PROBLEM STATEMENT: In the data that follows, find the line with "A mum and her"; transcribe it, every later line up to the one with "Telltale Signs That", and that line as well, exactly and with no others.
⁂
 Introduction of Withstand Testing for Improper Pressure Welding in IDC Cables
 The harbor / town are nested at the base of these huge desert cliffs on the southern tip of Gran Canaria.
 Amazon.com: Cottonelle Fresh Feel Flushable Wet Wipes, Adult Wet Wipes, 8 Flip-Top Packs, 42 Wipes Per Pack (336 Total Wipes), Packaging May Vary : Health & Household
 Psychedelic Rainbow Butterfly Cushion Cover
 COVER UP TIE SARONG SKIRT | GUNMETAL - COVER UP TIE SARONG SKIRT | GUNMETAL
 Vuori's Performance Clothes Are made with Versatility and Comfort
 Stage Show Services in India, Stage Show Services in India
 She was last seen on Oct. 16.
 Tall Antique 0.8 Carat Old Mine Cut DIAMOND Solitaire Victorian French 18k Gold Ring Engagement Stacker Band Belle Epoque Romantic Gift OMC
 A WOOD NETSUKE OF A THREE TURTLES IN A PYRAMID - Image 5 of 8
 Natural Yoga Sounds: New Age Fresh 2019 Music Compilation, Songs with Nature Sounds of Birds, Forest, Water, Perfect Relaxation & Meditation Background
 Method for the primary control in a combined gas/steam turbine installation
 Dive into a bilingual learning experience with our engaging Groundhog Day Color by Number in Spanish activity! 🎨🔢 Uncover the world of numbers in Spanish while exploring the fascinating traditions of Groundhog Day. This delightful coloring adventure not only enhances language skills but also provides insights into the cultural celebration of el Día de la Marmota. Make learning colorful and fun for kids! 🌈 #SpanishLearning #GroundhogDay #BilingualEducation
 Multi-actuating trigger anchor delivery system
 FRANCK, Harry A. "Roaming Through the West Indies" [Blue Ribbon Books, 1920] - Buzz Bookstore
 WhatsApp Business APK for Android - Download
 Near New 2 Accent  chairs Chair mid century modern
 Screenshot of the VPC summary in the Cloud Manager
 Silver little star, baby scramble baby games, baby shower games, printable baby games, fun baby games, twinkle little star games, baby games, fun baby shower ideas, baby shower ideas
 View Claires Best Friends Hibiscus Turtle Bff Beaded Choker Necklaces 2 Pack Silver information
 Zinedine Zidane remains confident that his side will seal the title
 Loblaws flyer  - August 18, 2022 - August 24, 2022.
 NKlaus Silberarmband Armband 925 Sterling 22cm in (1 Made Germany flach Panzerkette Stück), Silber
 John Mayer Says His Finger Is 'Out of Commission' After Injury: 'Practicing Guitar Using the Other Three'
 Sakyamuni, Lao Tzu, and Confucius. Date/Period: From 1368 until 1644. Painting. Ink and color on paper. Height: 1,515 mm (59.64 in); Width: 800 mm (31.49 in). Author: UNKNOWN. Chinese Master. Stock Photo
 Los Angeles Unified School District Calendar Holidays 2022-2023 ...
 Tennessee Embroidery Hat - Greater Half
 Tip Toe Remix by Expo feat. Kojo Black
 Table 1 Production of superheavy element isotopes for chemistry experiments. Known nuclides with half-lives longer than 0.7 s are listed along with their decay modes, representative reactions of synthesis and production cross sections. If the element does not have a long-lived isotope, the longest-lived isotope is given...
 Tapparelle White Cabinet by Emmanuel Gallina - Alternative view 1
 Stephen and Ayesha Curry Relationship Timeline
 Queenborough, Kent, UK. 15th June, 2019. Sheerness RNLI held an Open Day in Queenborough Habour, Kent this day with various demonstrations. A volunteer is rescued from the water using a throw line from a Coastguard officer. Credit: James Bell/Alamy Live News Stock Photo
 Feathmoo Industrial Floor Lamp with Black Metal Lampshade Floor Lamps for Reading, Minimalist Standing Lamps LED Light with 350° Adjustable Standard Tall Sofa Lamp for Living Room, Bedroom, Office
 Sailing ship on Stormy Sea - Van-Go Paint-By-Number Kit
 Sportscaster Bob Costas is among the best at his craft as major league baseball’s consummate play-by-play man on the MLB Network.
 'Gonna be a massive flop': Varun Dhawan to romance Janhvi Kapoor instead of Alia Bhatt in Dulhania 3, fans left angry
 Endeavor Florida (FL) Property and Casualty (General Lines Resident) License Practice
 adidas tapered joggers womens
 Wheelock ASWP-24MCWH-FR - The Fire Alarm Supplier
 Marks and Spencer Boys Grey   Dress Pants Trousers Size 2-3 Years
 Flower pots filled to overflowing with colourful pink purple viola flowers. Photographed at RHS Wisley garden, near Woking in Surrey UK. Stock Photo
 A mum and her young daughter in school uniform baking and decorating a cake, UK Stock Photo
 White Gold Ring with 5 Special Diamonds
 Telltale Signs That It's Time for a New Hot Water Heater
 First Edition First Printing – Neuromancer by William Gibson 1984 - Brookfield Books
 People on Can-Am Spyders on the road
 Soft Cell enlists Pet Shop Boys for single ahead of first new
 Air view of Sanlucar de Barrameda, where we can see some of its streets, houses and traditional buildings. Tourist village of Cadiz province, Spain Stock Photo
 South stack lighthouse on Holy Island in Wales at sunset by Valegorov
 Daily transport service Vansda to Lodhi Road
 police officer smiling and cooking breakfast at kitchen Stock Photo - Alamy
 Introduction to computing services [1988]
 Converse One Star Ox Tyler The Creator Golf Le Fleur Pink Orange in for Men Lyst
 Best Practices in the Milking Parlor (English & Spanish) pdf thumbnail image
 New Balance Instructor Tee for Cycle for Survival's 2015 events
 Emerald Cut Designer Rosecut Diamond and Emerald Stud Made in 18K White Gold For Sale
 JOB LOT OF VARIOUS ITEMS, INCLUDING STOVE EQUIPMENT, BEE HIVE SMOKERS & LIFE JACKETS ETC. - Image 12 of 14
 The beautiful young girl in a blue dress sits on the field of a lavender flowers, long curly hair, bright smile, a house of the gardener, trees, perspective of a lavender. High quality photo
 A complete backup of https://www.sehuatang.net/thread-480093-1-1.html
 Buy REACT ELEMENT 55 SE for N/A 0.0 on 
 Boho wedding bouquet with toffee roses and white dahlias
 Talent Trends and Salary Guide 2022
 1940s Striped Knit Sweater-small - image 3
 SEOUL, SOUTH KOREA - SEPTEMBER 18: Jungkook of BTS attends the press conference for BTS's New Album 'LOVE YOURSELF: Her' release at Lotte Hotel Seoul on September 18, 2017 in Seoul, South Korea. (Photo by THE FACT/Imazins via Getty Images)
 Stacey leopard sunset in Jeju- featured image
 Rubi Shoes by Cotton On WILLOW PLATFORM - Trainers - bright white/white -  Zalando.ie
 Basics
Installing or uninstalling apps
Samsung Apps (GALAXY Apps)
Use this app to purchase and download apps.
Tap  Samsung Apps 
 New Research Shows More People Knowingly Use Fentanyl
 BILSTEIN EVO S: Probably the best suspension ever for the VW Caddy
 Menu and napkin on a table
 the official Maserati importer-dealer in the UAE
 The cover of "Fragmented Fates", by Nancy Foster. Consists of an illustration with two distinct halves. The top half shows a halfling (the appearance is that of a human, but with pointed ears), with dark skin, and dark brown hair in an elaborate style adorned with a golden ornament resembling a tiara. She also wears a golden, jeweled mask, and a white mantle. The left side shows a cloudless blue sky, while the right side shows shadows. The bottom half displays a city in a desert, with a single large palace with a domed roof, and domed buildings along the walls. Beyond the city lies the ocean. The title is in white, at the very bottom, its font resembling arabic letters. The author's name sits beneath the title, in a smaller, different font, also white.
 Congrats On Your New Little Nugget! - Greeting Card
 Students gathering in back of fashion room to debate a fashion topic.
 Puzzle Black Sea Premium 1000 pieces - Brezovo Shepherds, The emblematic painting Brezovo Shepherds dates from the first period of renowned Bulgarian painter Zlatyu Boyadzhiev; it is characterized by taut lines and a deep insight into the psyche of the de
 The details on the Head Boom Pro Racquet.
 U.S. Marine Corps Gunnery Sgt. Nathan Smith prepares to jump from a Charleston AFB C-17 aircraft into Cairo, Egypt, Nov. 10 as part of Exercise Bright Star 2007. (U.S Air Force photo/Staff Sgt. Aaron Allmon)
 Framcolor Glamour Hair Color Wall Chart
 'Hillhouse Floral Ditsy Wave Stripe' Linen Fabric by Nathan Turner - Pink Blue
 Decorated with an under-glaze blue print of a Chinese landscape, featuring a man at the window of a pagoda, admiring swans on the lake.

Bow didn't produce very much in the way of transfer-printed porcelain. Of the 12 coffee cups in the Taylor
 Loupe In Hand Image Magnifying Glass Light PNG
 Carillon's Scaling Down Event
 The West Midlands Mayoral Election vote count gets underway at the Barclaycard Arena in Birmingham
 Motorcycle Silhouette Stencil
⁂
ANSWER TO THIS PROBLEM:
 A mum and her young daughter in school uniform baking and decorating a cake, UK Stock Photo
 White Gold Ring with 5 Special Diamonds
 Telltale Signs That It's Time for a New Hot Water Heater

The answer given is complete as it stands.